Together now in Circa, they are joined by like-minded confederates in guitarist Johnny Bruhns (a member the post-Yes amalgam Yoso) and drummer Ronnie Ciago (who’s worked with Patrick Moraz, a Relayer-period member of Yes). The result is an atom-smashing amalgam of both eras – and nowhere is that more evident than on this, the epic nine-minute title and opening track of Circa’s new release. It’s all there: A soaring vocal, a dynamic song structure featuring a series of abrupt changes in tempo and atmosphere, this impossibly buoyant bass line, guitar shapes that sound at once classical and modern, keyboards that meander with introspective verve — and a sunny disposition set a time-machine levels.

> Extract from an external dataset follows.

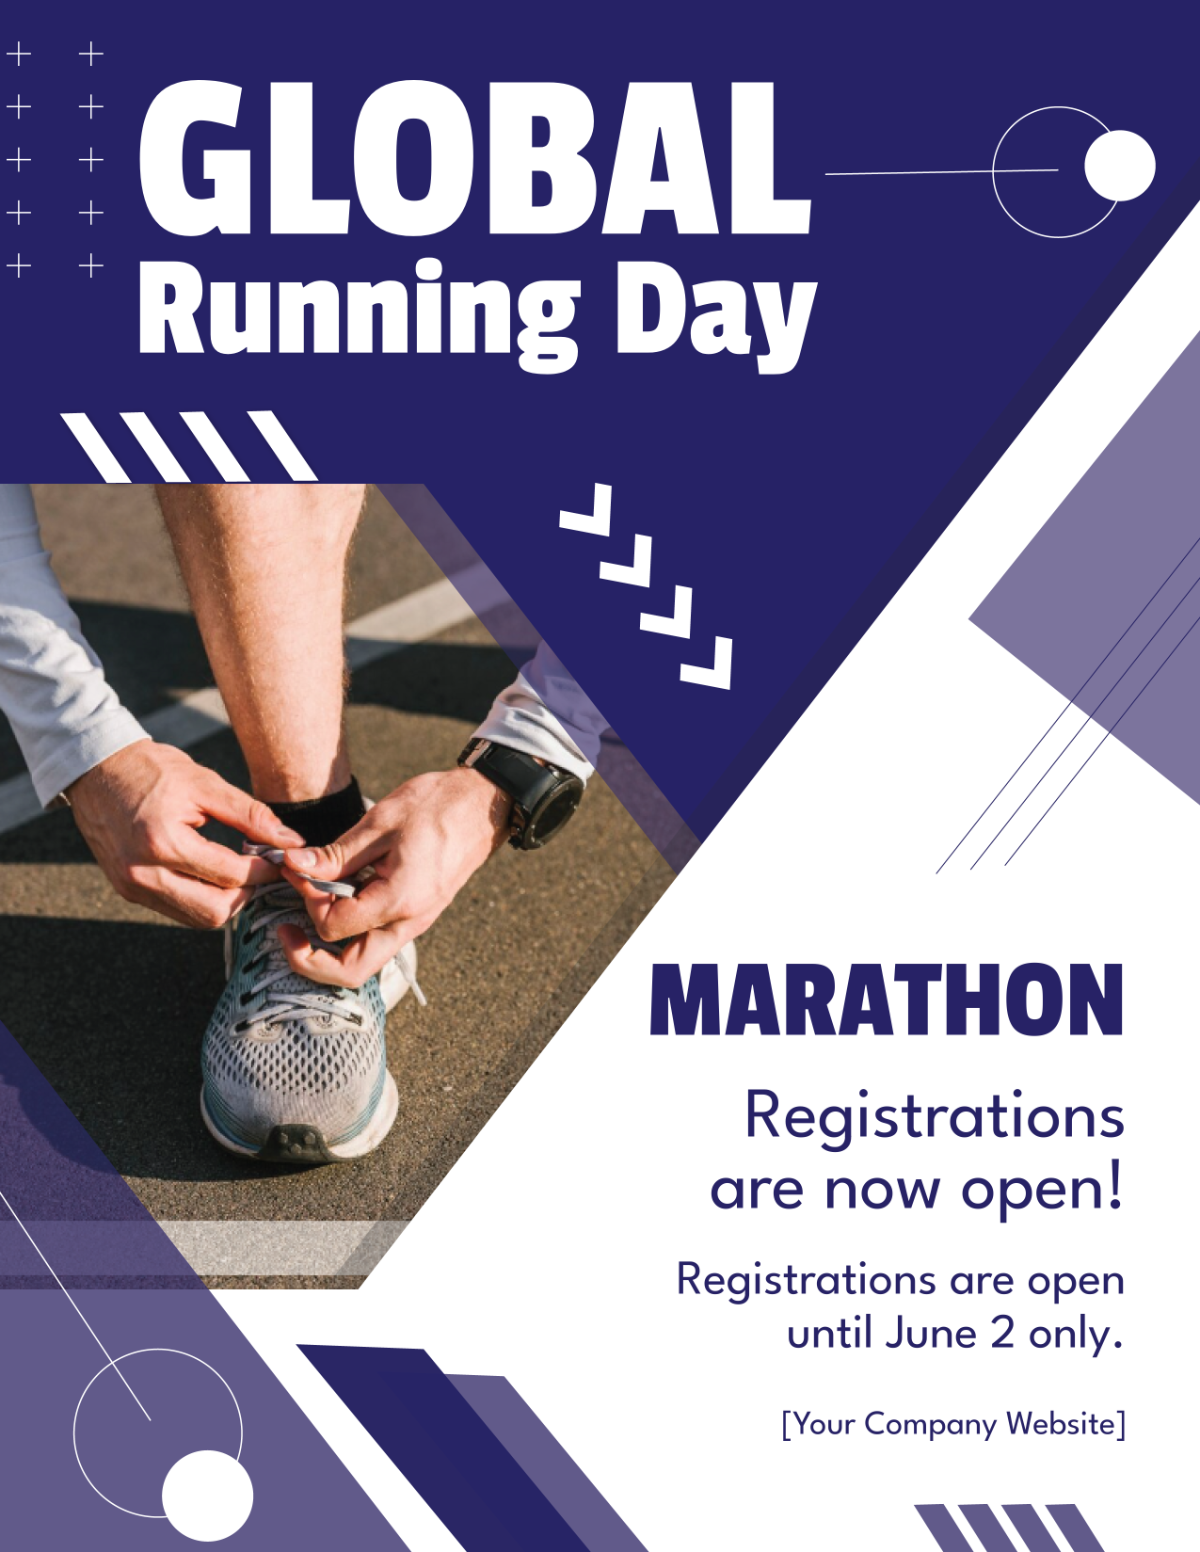 Global Running Day Flyer Template

[SOMETHING ELSE! INTERVIEW: Billy Sherwood discusses his initial, decade-long tenure with the legendary progressive-rock band Yes, and how it all fell apart.]

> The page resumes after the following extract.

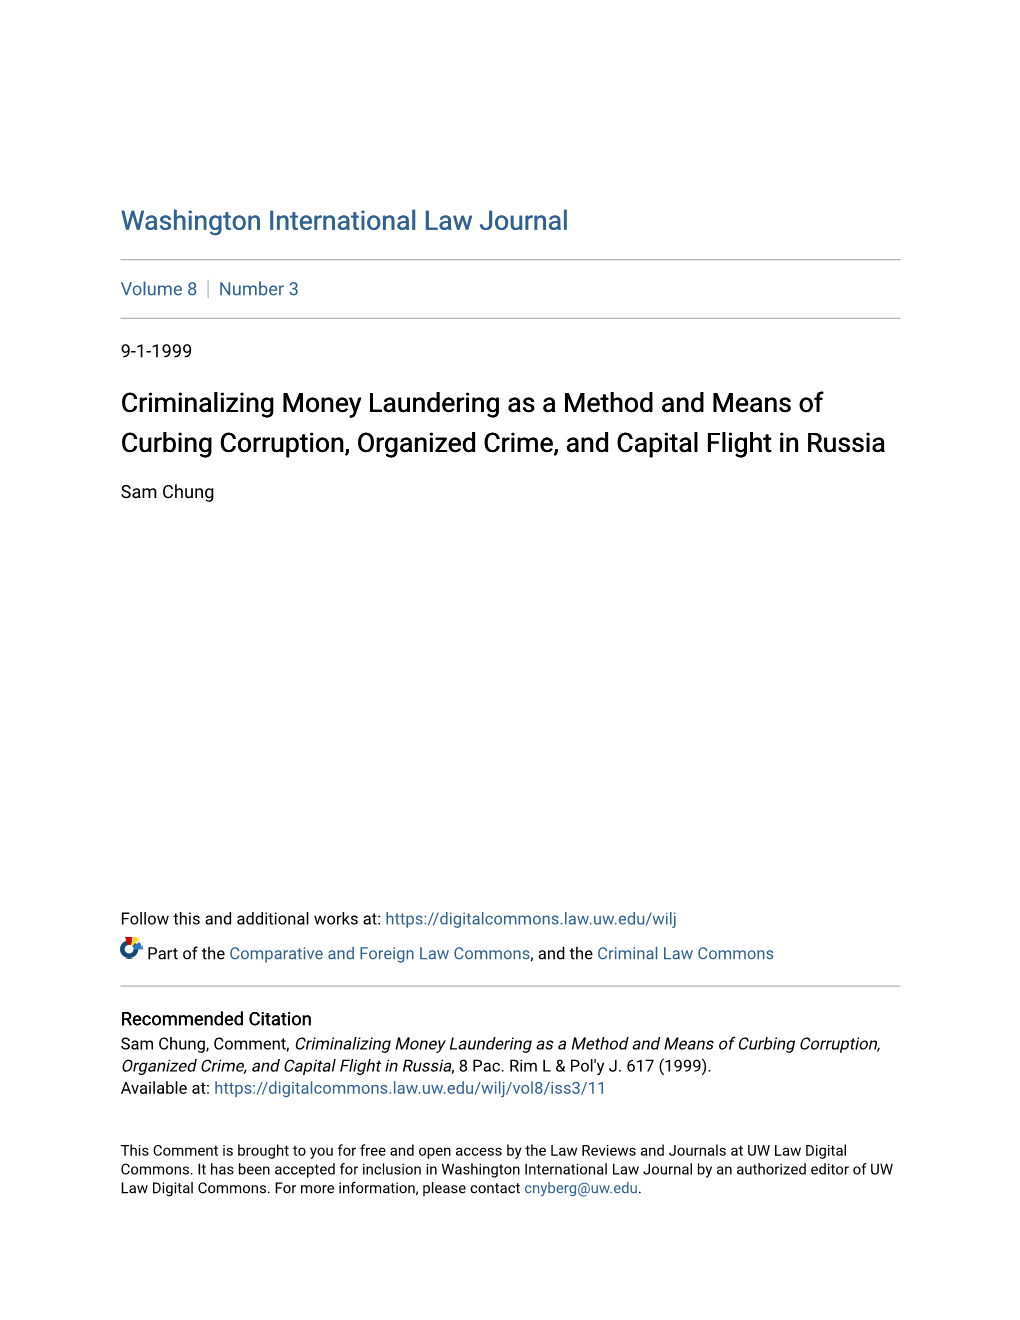 Criminalizing Money Laundering As a Method and Means of Curbing Corruption, Organized Crime, and Capital Flight in Russia

Kaye returns to the Hammond organ — the instrument he was featured on during his last album with Yes, 1994’s Talk — as Sherwood sings with an unguarded abandon while deliriously thumping away on the bass. But it’s Bruhns, perhaps, who surprises the most – somehow combining both the modern edge of Trevor Rabin’s thundering 90125 riffs with the atmospheric intellect of Steve Howe.

Circa’s And So On, its fourth release, is available through the band’s official Web site at www.circahq.com.

Sherwood appeared on Yes’ 1991 release Union; toured with the band in support of 1994’s Talk; then co-produced and mixed Yes’ Keys to Ascension and Keys to Ascension 2 projects in 1996-97; was a key creative contributor to the band’s 1997 release Open Your Eyes and appeared on the subsequent tour; then finally appeared on 1999’s The Ladder and the live document from a subsequent tour, House of Yes. Yes drummer Alan White was also an original member of Circa, though he returned to Yes when the band restarted with a new leader singer recently.